Example Usage

The following example demonstrates how to run ArtiCull.

Example Files

  • example/example.maf: Mutation Annotation Format (MAF) file containing candidate variants

  • example/example.bam: BAM file with sequencing data

  • example/example.bam.bai: Index files for BAM

Instructions

Follow setup and activate conda environment

Follow the directions in Installation to create a conda environment and download required genomic tracks.

conda env create -f requirements.yml -n articull-env
conda activate articull-env
bash scripts/setup_mappability_track.bash [output_directory]

If you have already done this previously, ensure that the articull-env` environment is activated.

conda activate articull-env

Run classification

This will first extract model features and save to example/example_features.tsv. Then it will run the pretrained model in model/preprint_model/ directory to classify and save to example/example_result.tsv.

maf=example/example.maf
bam=example/example.bam
output_prefix=example/example
model_dir=models/preprint_model/

python -m articull classify $maf $output_prefix $model_dir $bam --cores 1

Output

The output file, result.tsv, is saved in the specified output directory.
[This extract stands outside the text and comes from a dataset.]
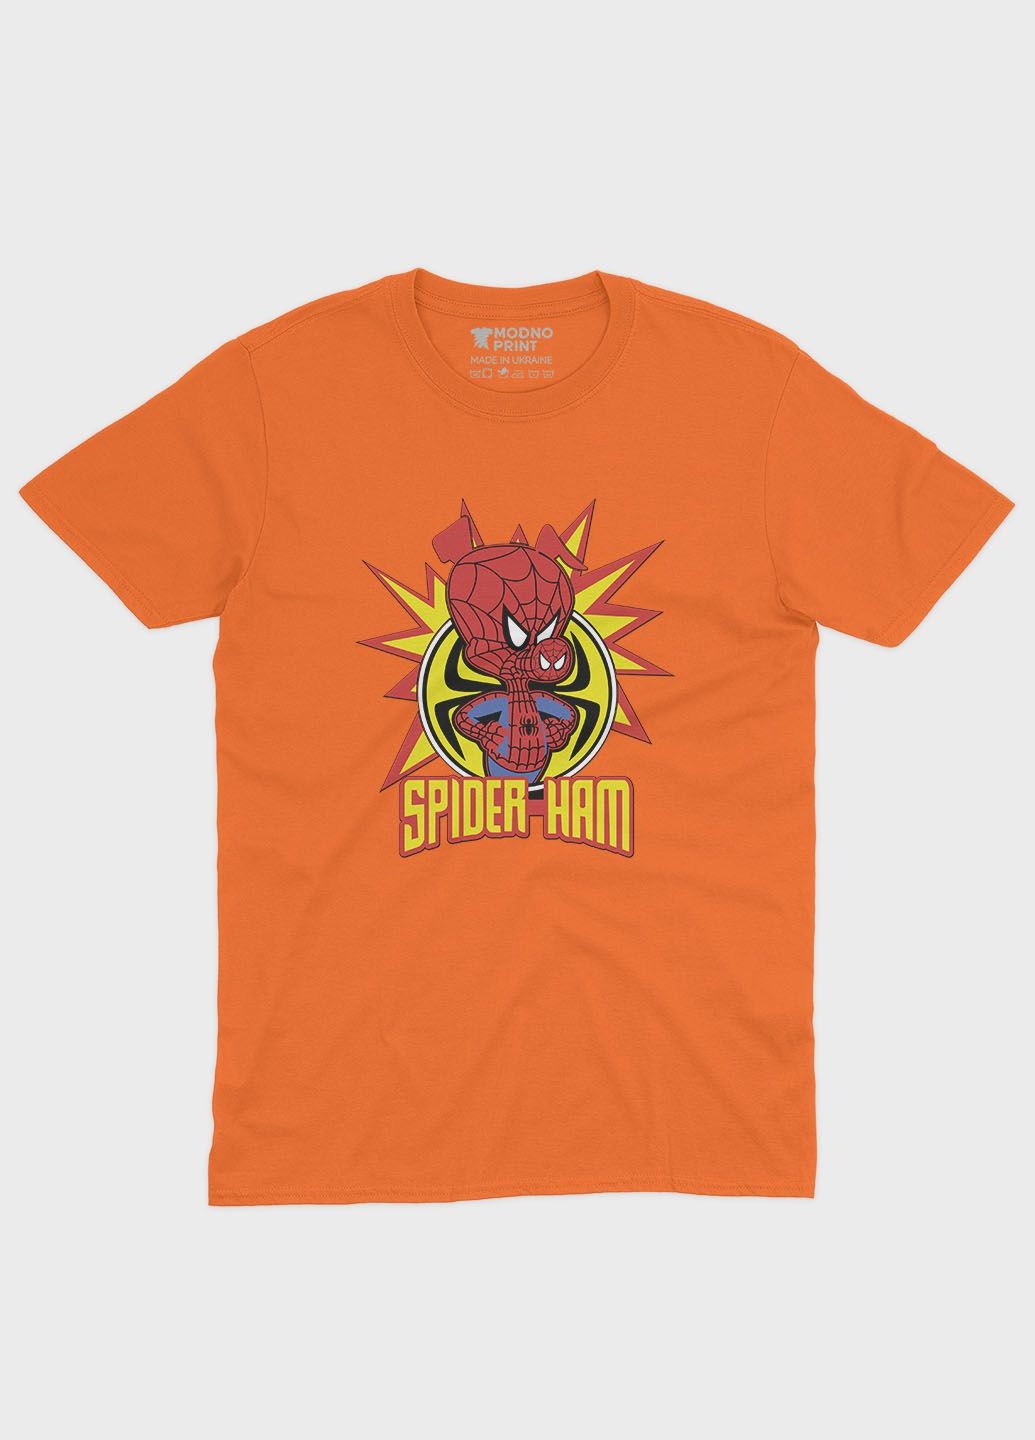 Оранжевая демисезонная футболка для девочки с принтом супергероя - человек-паук (ts001-1-ora-006-014-035-g) Modno

This is a tab-separated values (TSV) file with the following columns:

Column

Description

chrm

Chromosome where the variant is located.

pos

Position of the variant on the chromosome.

ref_allele

Reference allele at the given position.

alt_allele

Alternate allele identified at the given position.

result

Classification of the variant (ARTIFACT, PASS, or SKIP).

prob_artifact

Probability that the variant is an artifact (only provided for classified variants).

Example output:

chrm

pos

ref_allele

alt_allele

result

prob_artifact

1

201206823

G

A

ARTIFACT

0.9729175263160109

1

203994039

C

A

PASS

0.01078797299659806

1

201226655

T

C

SKIP

Classification criteria:

  • Variants are classified as ARTIFACT if prob_artifact > 0.5.

  • Variants are classified as PASS otherwise.

  • Variants are classified as SKIP if no supporting variant reads are found in the BAM file (e.g., due to realignment during variant calling).